Nonetheless, our long fall from the Founders’ plan has to be stopped; this erosion of principle and understanding must be reversed. Our Founders designed a system that can only work with a united populace, a civilized, law-abiding, Judeo-Christian community that shares respect for limited government, capitalist economics, and Western Civilization.
Before we further dilute our voting population with even more people steeped in the foreign ways of feudalism, socialism, theocracy and tyranny, we must reawaken in the American mind an appreciation for the thought processes of our Founders.
It can be done. Some of our greatest Founders were immigrants themselves; nobody appreciated American principles more than Alexander Hamilton, Albert Gallatin, Robert Morris, and John Witherspoon, for example. But we cannot expect millions of immigrants to be assimilated into a nation of principled libertarian capitalists, when the body into which they’re assimilating has itself forgotten what that means.
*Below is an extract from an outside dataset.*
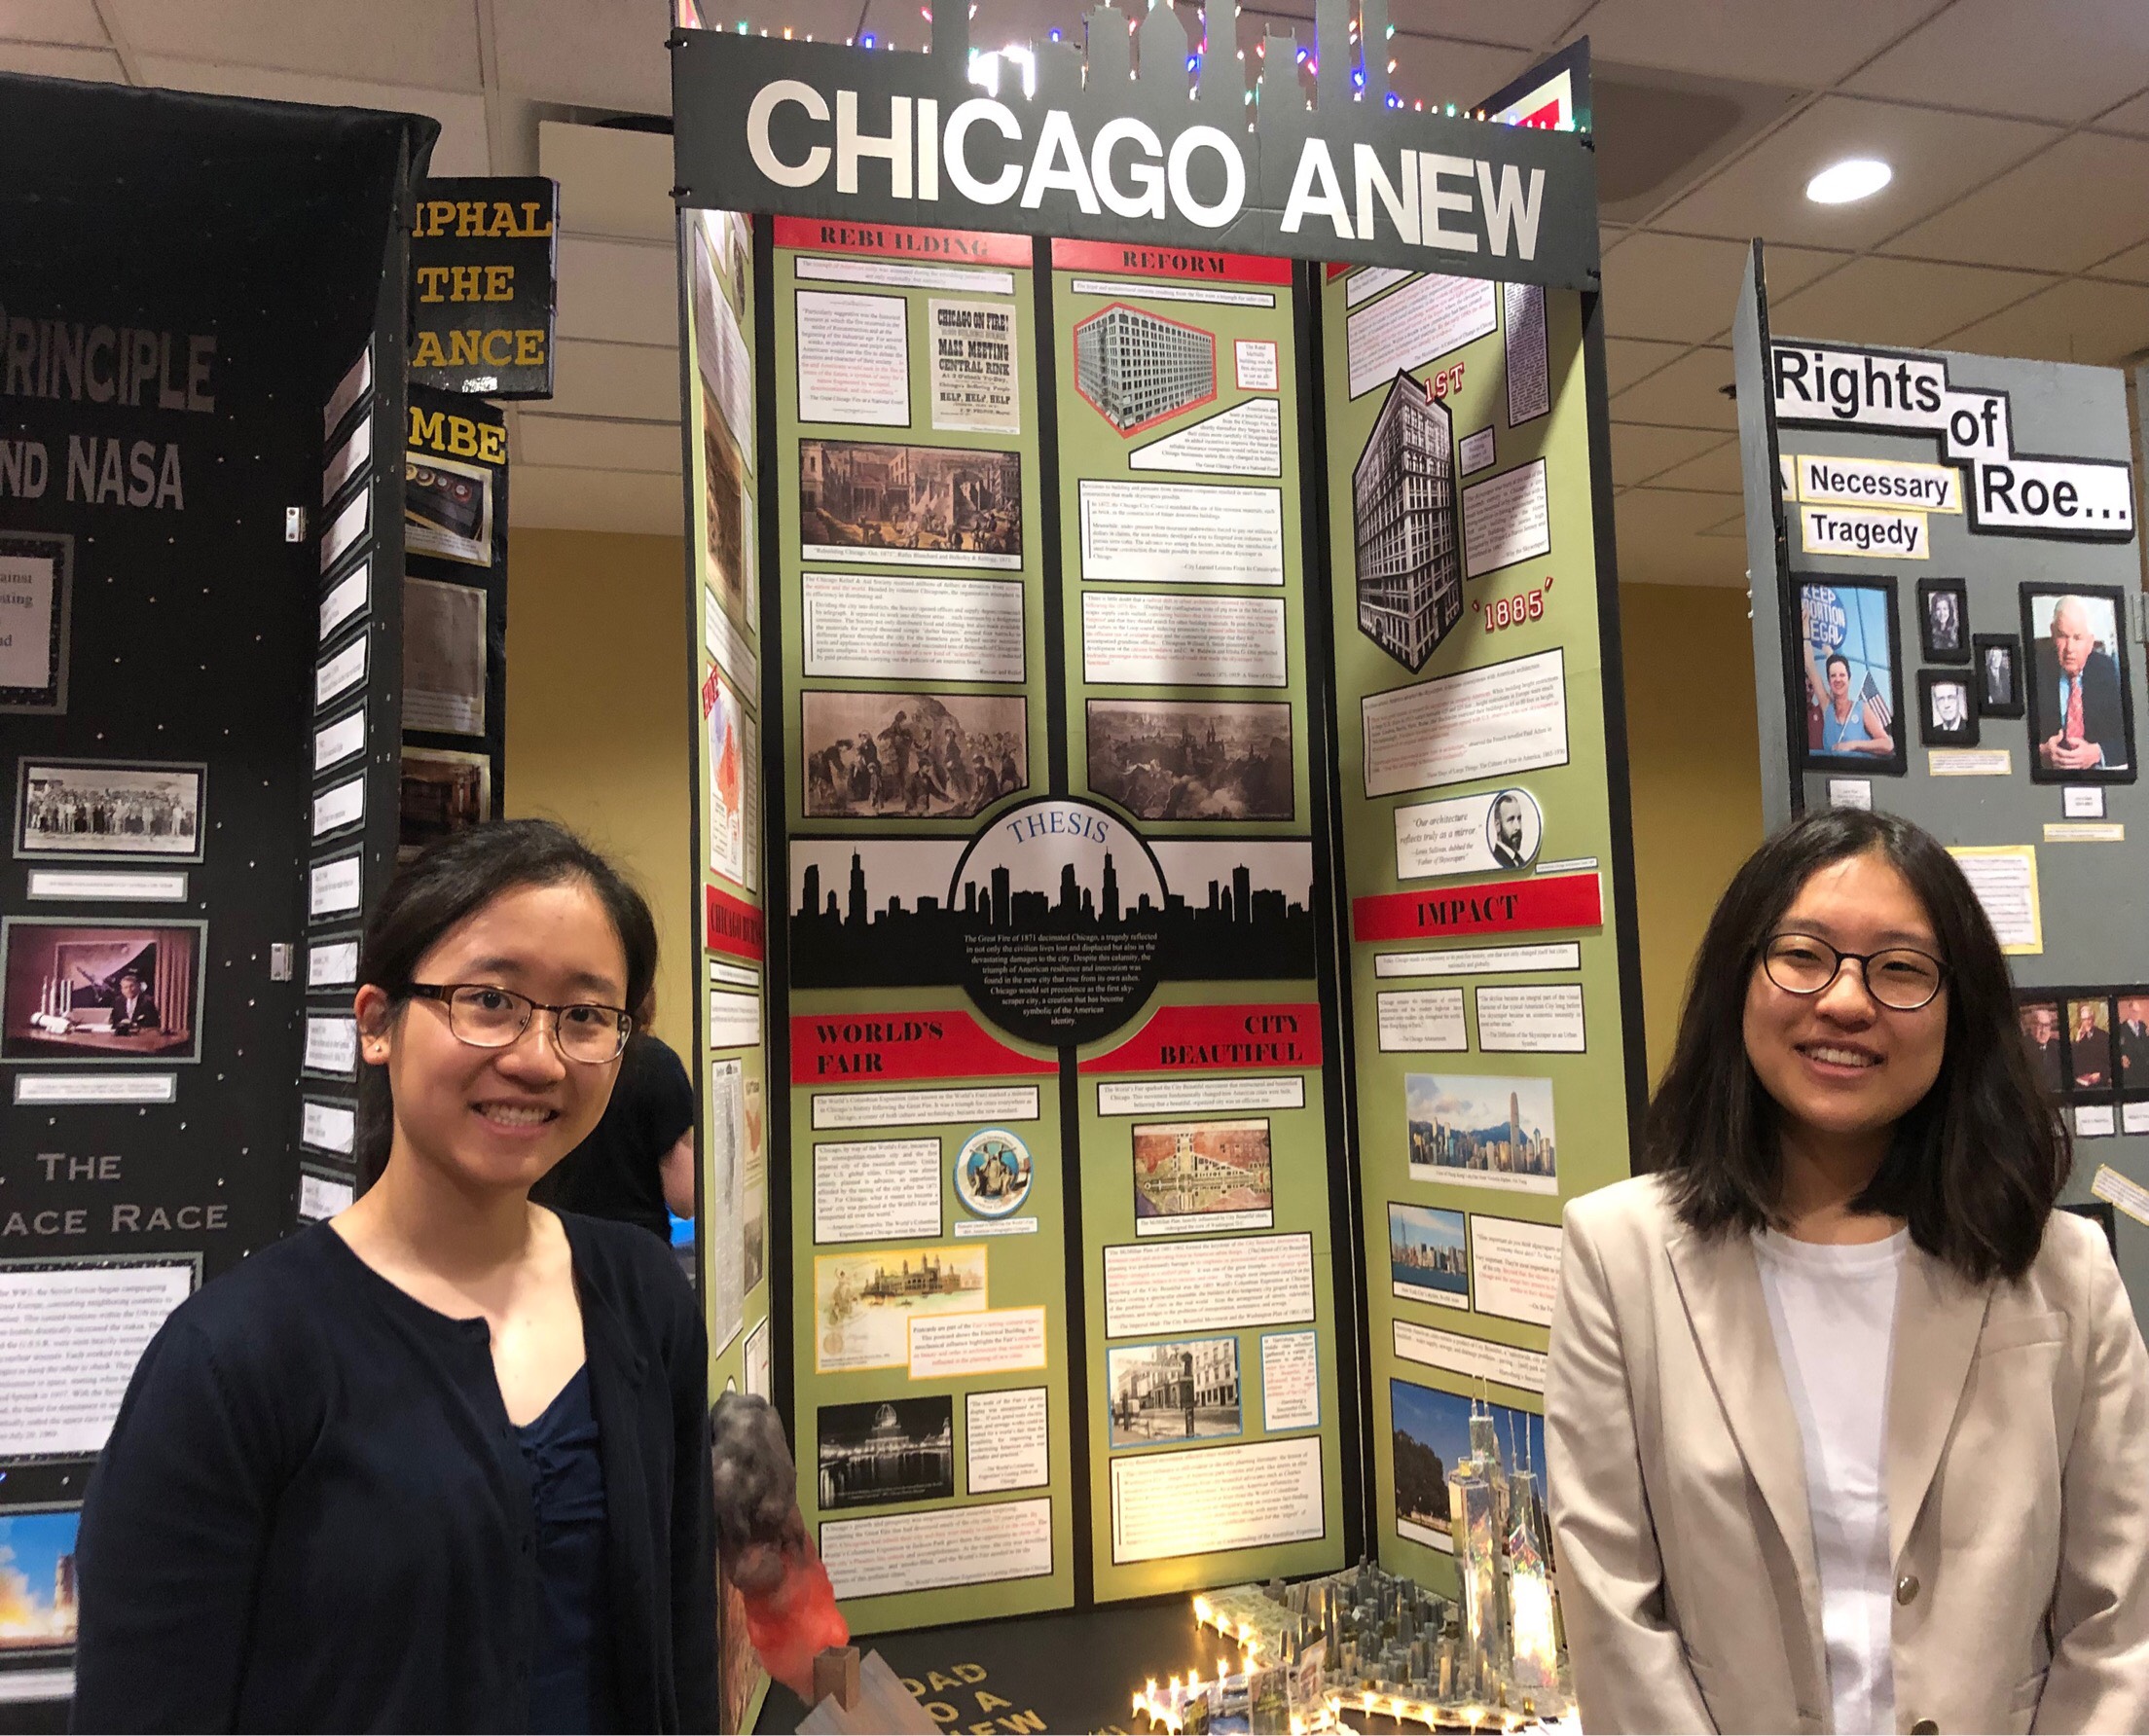 Christy Guan and Hana Kim from Stuyvesant High School, New York, NY with their 1st place project: "Tragedy of the Great Fire and Triumph of Skyscraper City."

We have much to do. Righting this ship is a complex effort, one well worth taking on… but shortcuts that reward illegality and further poison the well of this great nation are more destructive than any Washington politician dares admit.
Copyright 2013 John F. Di Leo
John F. Di Leo is a Chicago-based Customs broker and international trade compliance lecturer. A descendent of Irishmen, Austrians, Germans and Italians, he’s proud of his ethnic heritage, but he’s prouder still – as we all should be – of our adopted heritage as Americans, as ideological heirs to the Founding Fathers who took the clay of this continent and sculpted from it the greatest nation on God’s green earth.